To illustrate these situations, let's manufacture some data with special properties. The following DATA step creates two variables. The T variable represents time measured in minutes. The program generates times that are normally distributed with a mean of 120 minutes, then rounds these times to the nearest five-minute mark. The U variable represents a proportion between 0 and 1; it is uniformly distributed and rounded to two decimal places.
data Hist(drop=i); label T = "Time (minutes)" U = "Uniform"; call streaminit(1); do i = 1 to 100; T = rand("Normal", 120, 30); /* normal with mean 120 */ T = round(T, 5); /* round to nearest five-minute mark */ U = rand("Uniform"); /* uniform on (0,1) */ U = floor(100*U) / 100; /* round down to nearest 0.01 */ output; end; run;
How do we control the location of histogram bins in SAS? Read on!
Custom bins with PROC UNIVARIATE: An example of a time variable
I create histograms with PROC UNIVARIATE when I am interested in also computing descriptive statistics such as means and quantiles, or when I want to fit a parametric distribution to the data.

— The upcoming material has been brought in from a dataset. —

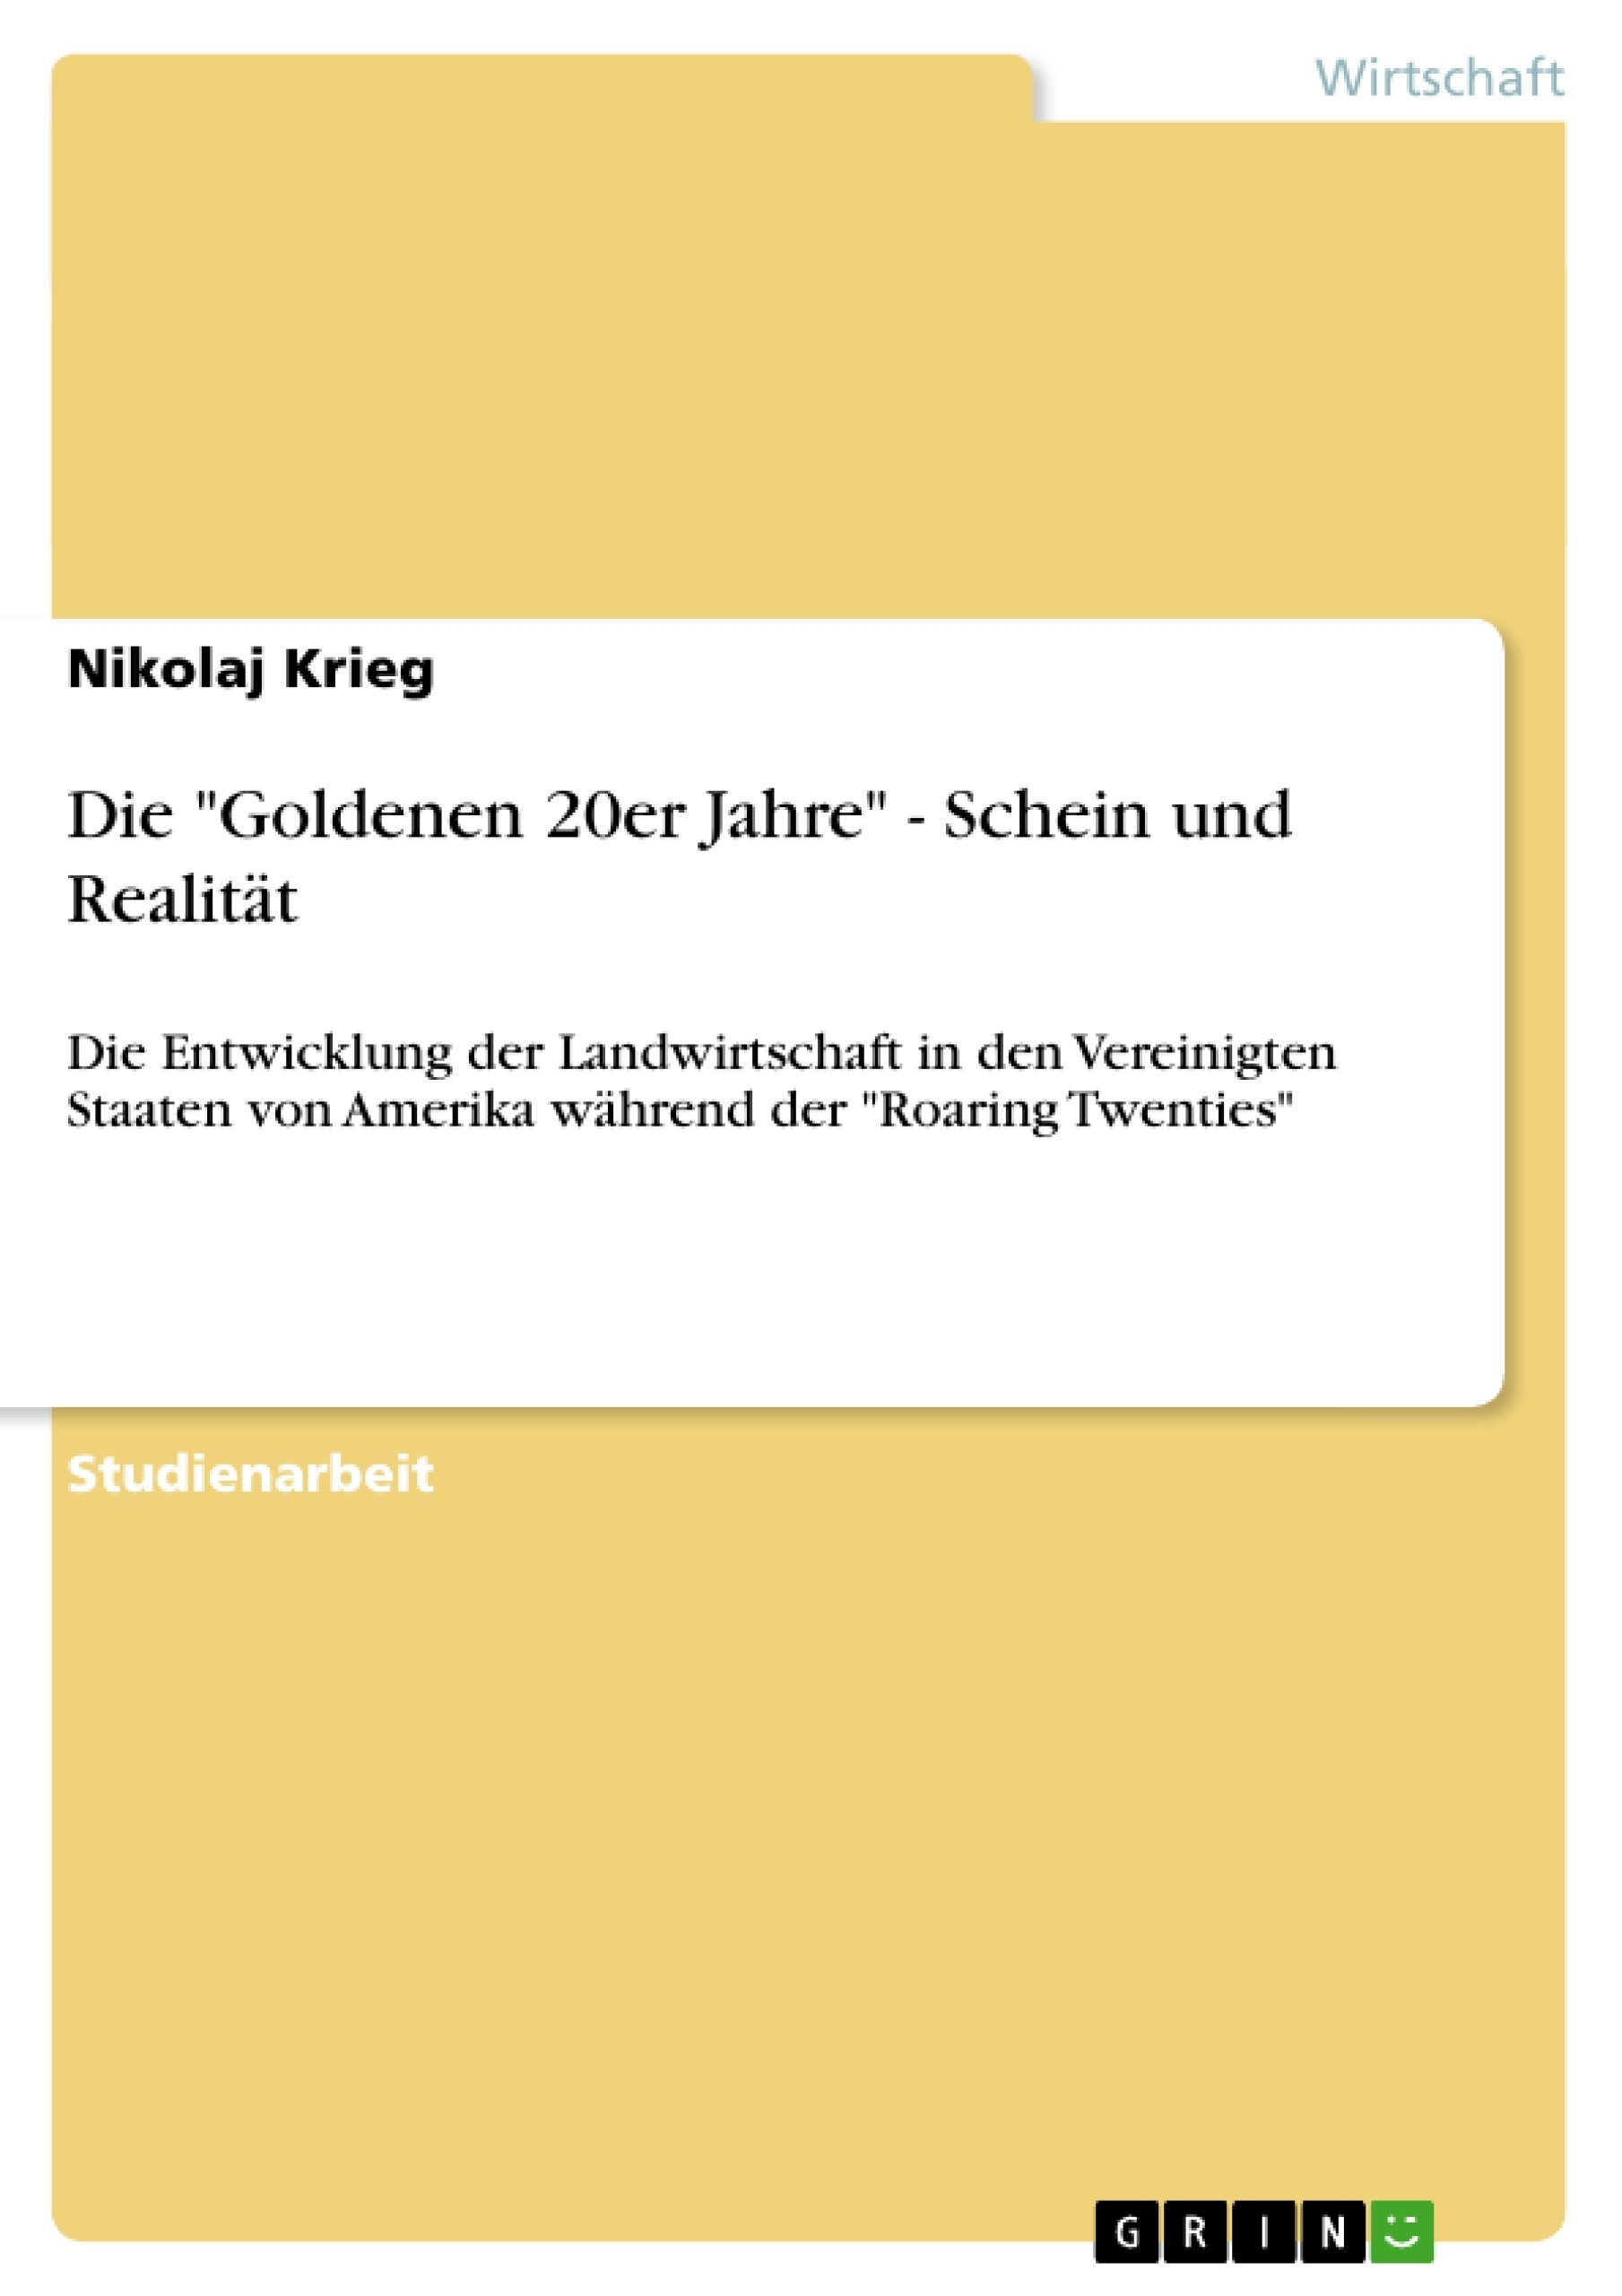 Title: Die "Goldenen 20er Jahre" - Schein und Realität

The following statements create the default histogram for the time variable, T:
title "Time Data (N=100)"; ods select histogram(PERSIST); /* show ONLY the histogram until further notice */ proc univariate data=Hist; histogram T / odstitle=title odstitle2="Default Bins"; run;
The default bin width is 20 minutes, which is not horrible, but not as convenient as 15 or 30 minutes. The first bin is centered at 70 minutes; a better choice would be 60 minutes.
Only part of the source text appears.